I recently picked up these pedals for my mid 90s Colnago, so I could use my regular riding shoes and cleats, without changing over the pedals from my regular bike (Lemond Chambery 2007) each time.

Those that came with the Colnago were made by Scott and weren’t compatible with my cleats. Also I suspect not original spec. I can’t imagine Colnago using Scott pedals when everything else on the bike was Campagnolo.

From the seller’s photos, I assumed these were regular, well used, Shimano SPD pedals.

Of course, as soon as I opened the box, it was apparent they were something else, and some googling showed they were mid 90s, top of the line, Dura Ace, Look-compatible pedals.

It seems this was one of the earliest quick release clipless Shimano road pedals, pre-dating road SPD, using technology developed by French company Look, based on ski bindings.

Shimano took inspiration from Look’s pedal design, and presumably then improved on it for SPD. Once I find some compatible cleats, I would be interested to test how they compare.

The pedals were pretty scruffy when I got them, so the first thing was a quick clean.
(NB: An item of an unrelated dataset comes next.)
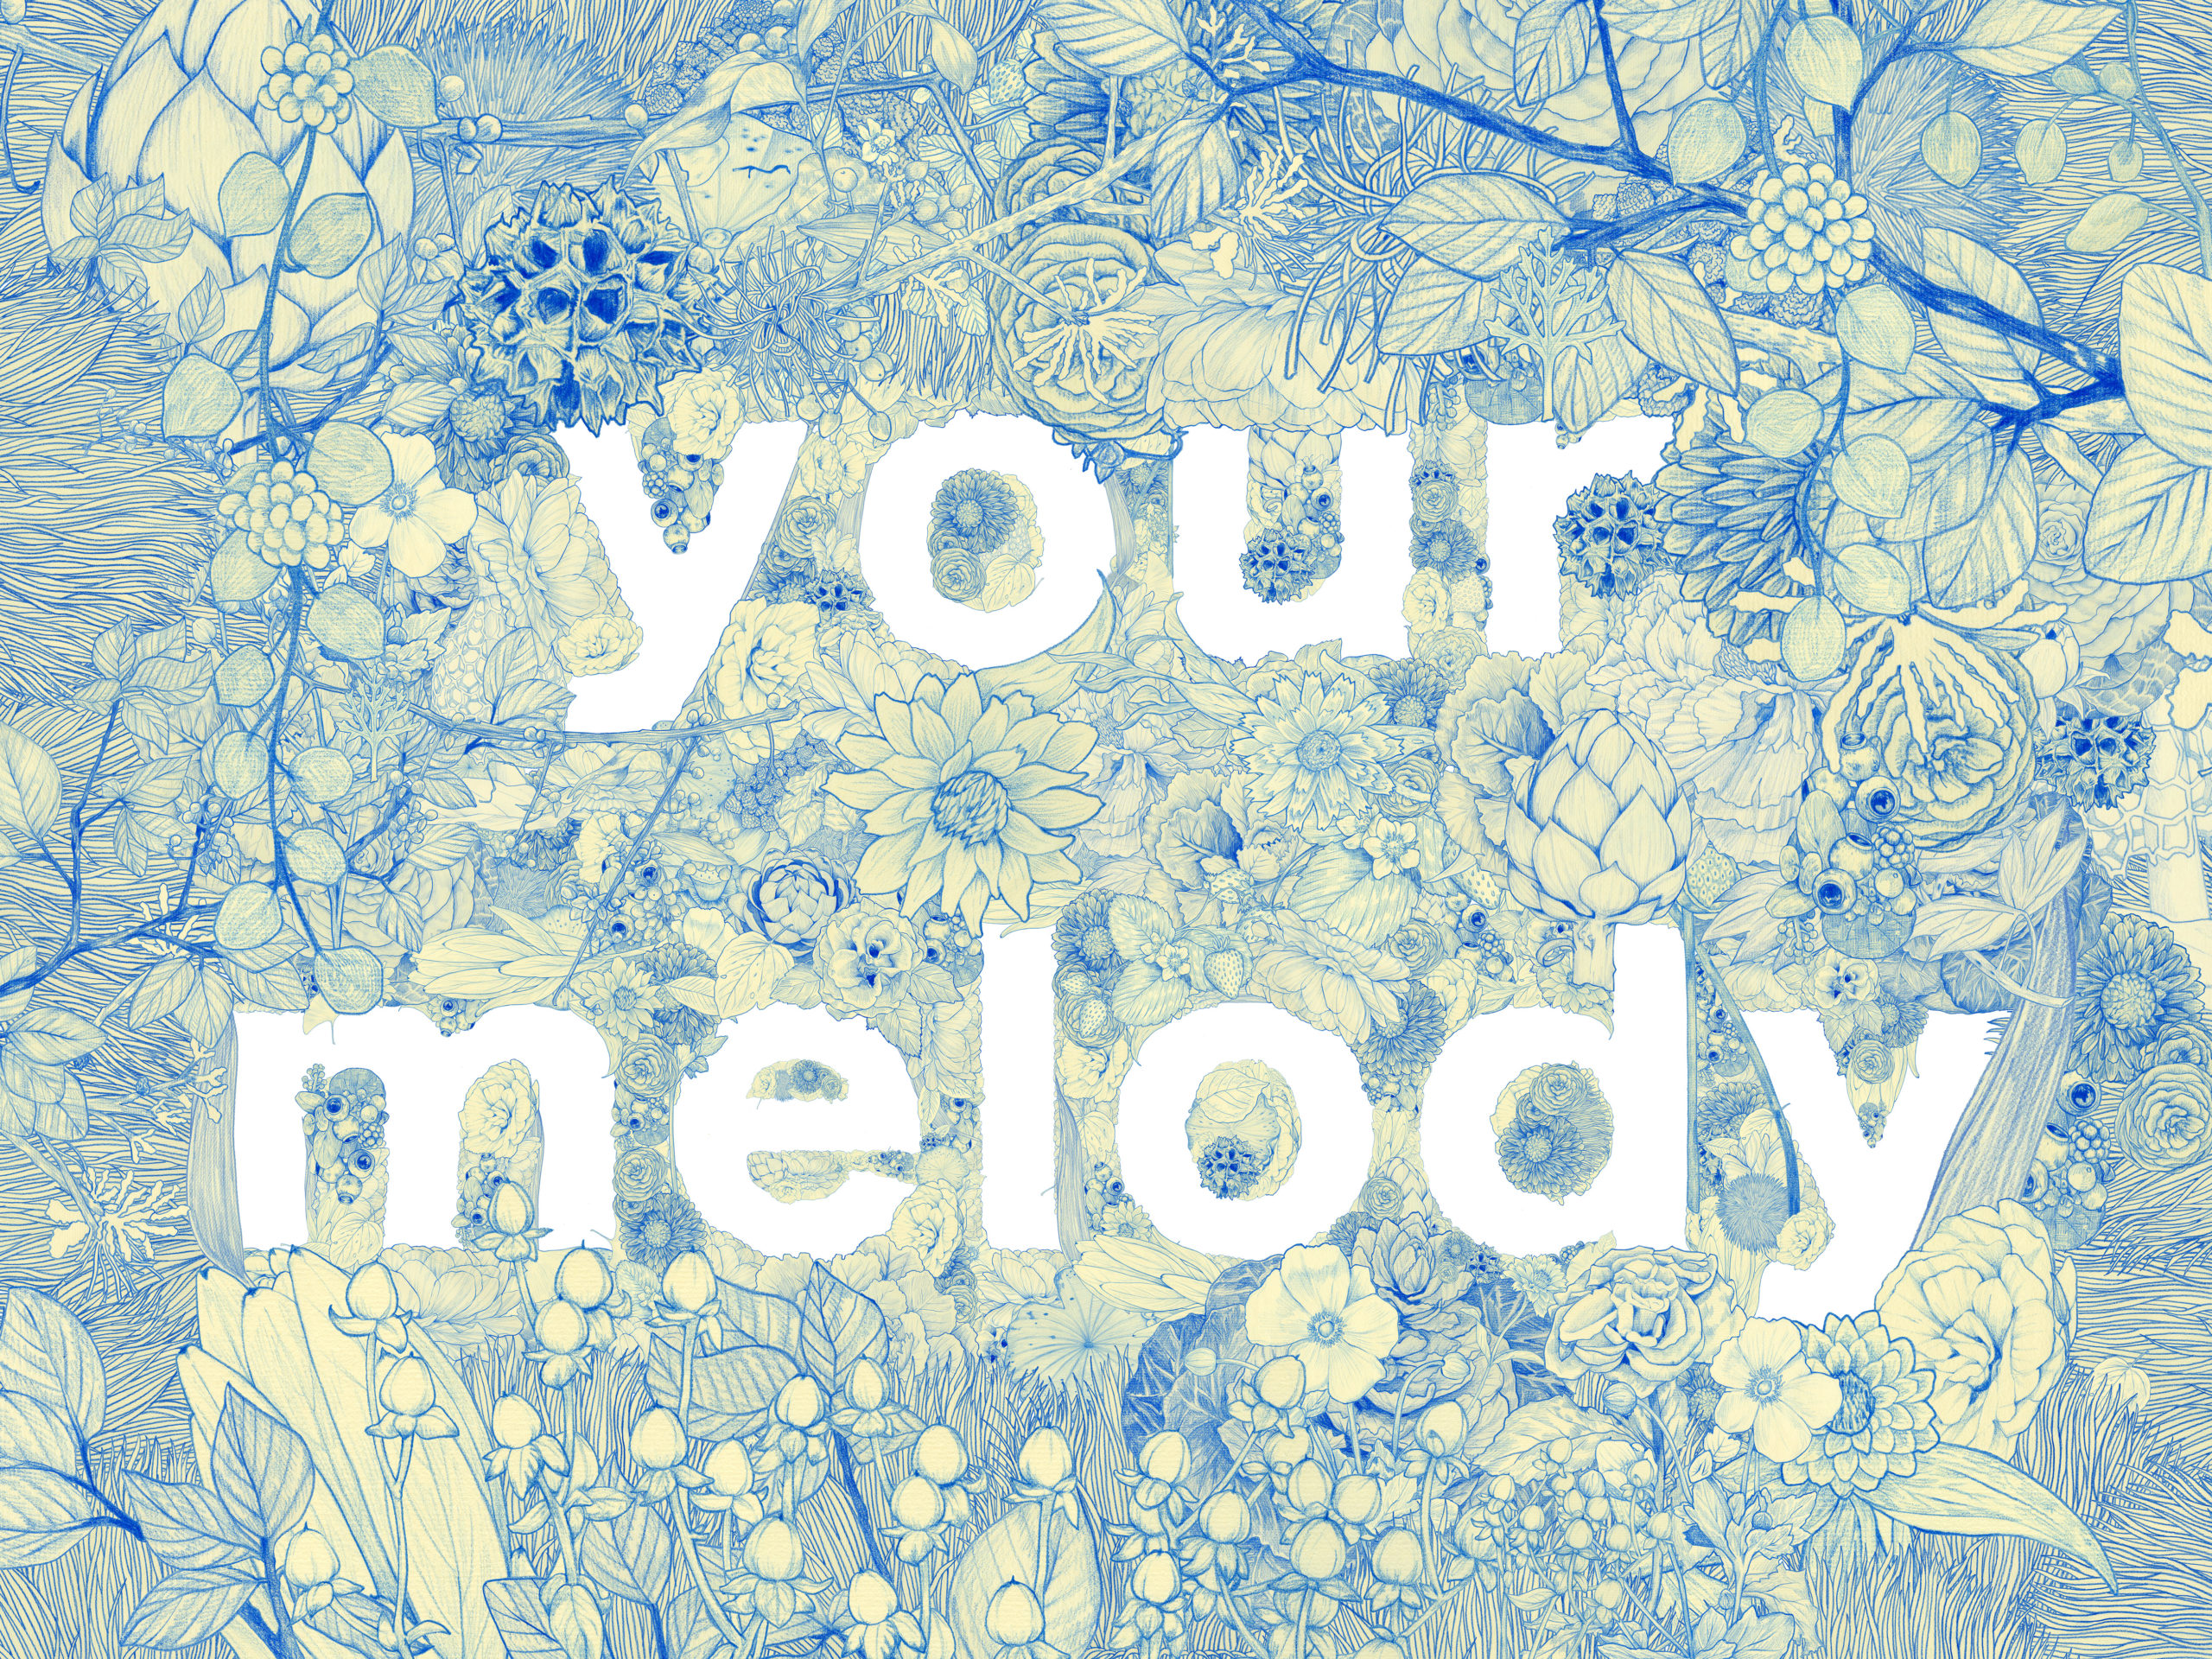 your melody ; あなたのための旋律／ 530✖️410mm／for solo show『Harmony ／my melody , your melody』at hpgrp gallery Tokyo Aoyama
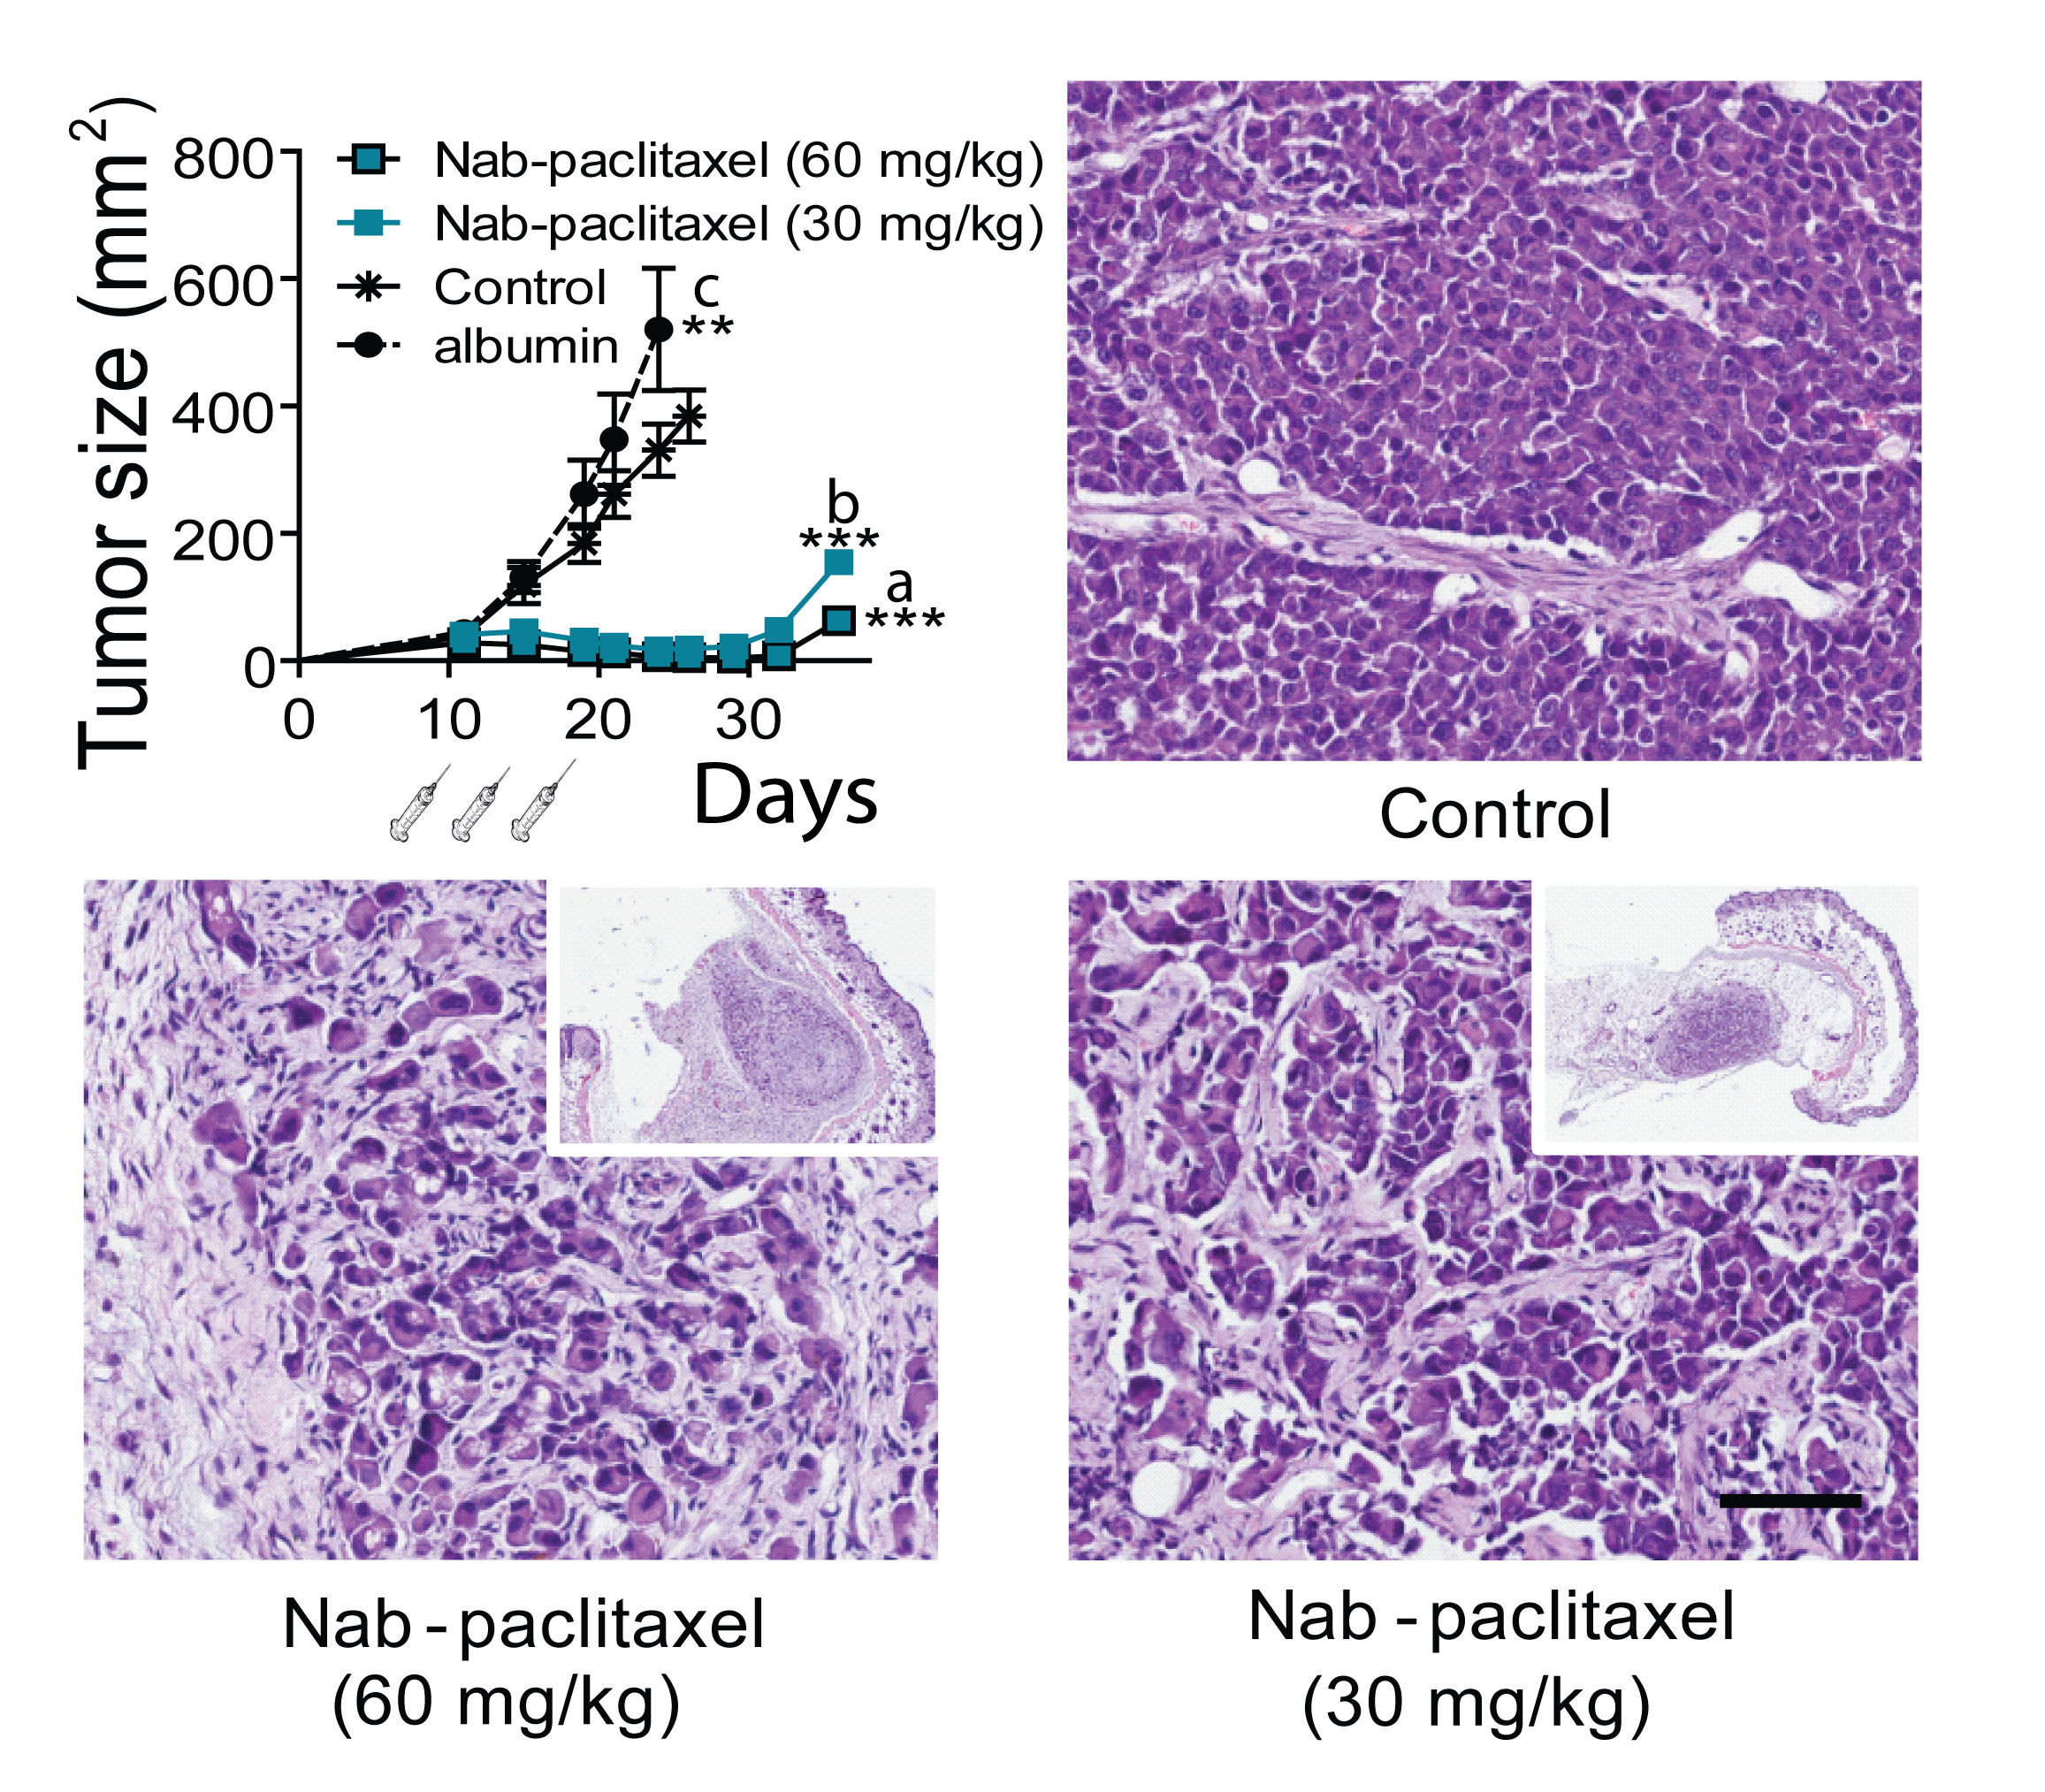 Effect of Nab-paclitaxel on tumor growth.

A bit of degreasing as well to get rid of the oily spots, trying not to get any WD-40 in the pedal spindle.

It’s best not to dissolve the grease that’s already in there. Particularly as the pedal spindle can only be removed with a special tool, which I don’t have.

The pedal body has a small panel which can be removed with two torx T10 bolts.

Inside is simply a steel axle around which the cleat lock mechanism sits held in tension by and large special shaped spring, connected to the tension adjustment bolt accessible from the underside of the pedal.

This looked clean enough that no maintenance was really required. There is a very small gap between the cleat lock mechanism and the pedal body, through which small bits of road dirt and water could get in. That said, the outside of these pedals suggests they had a hard life, yet the inside is remarkably clean, so it works well enough.

I would like to degrease and regrease the spindle, though without that tool for the octagonal lock nut, it’s not really possible to do so. It turns freely enough, maybe not as fast as I would like, but it’ll do for now.

Overall this is a neat, simple and modern design and it seems things haven’t changed much, as modern pedals are essentially identical.

Anyone know what cleats will work with these?? I’m keen to try them out.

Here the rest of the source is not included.